The woman at walgreens tried to sell me clearance condoms with my fake eyelashes. Does it look like I get laid?
does drinking everclear count as brushing your teeth? because i think they are sterilized
God dammit, you have a cape and I don't even have a fucking jacket.
when she started singing "you look better when im drunk" to my cat i realized it was time to take her home
Apparently I had an idea for a cooking show and then proceeded to throw cookies at people.
I'm hiding her cosmo magazine. the only sex tip she needs is to not handcuff her boyfriend to her roommates bed and lose the key
He's so twisted that he's acting out Dragon Ball-Z by himself. The Tanquray and THC combo doesn't play around.
I started a USA chant at the bar last night for no reason, other than being plastered. Within 15 seconds, I was standing on a table and the whole bar was chanting but nobody knew why.
Today is an "outside sex" kind of day.
Are you ok?
They gave me a cat until I fall asleep. His name is fluffy because he's fluffy.
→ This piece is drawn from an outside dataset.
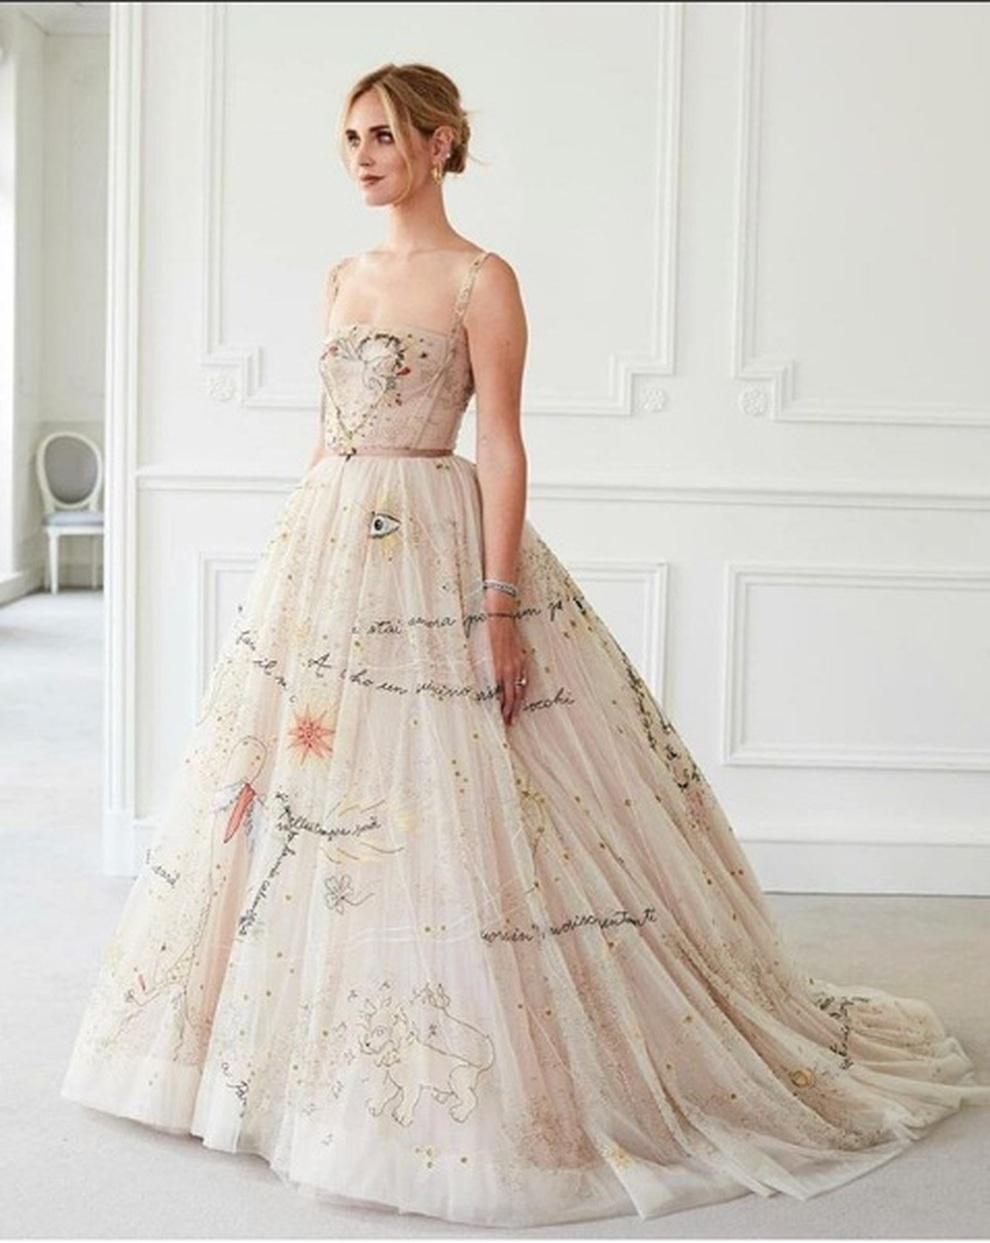 9c6b4e6cbe82 Matrimonio Ferragnez  Il secondo vestito della Ferragni

I swear if you get so drunk that I have to sing Bohemian Rhapsody to you again to get you to come out of the bathroom I'm leaving you at the bar this time.
what do you mean i can't make cookies with a blow dryer? challenge accepted.
He said they were his favorite shoes.. So I threw one down the sewer. Now he'll keep searching the house for the other one. Sweet silent revenge.
So um... You probably shouldn't post that picture of me and your crotch just because that's a new level of raunchiness that I'm not willing to accept yet
Who brings a stripper to breakfast at the dining hall? What was the plan? Impress her with his meal plan?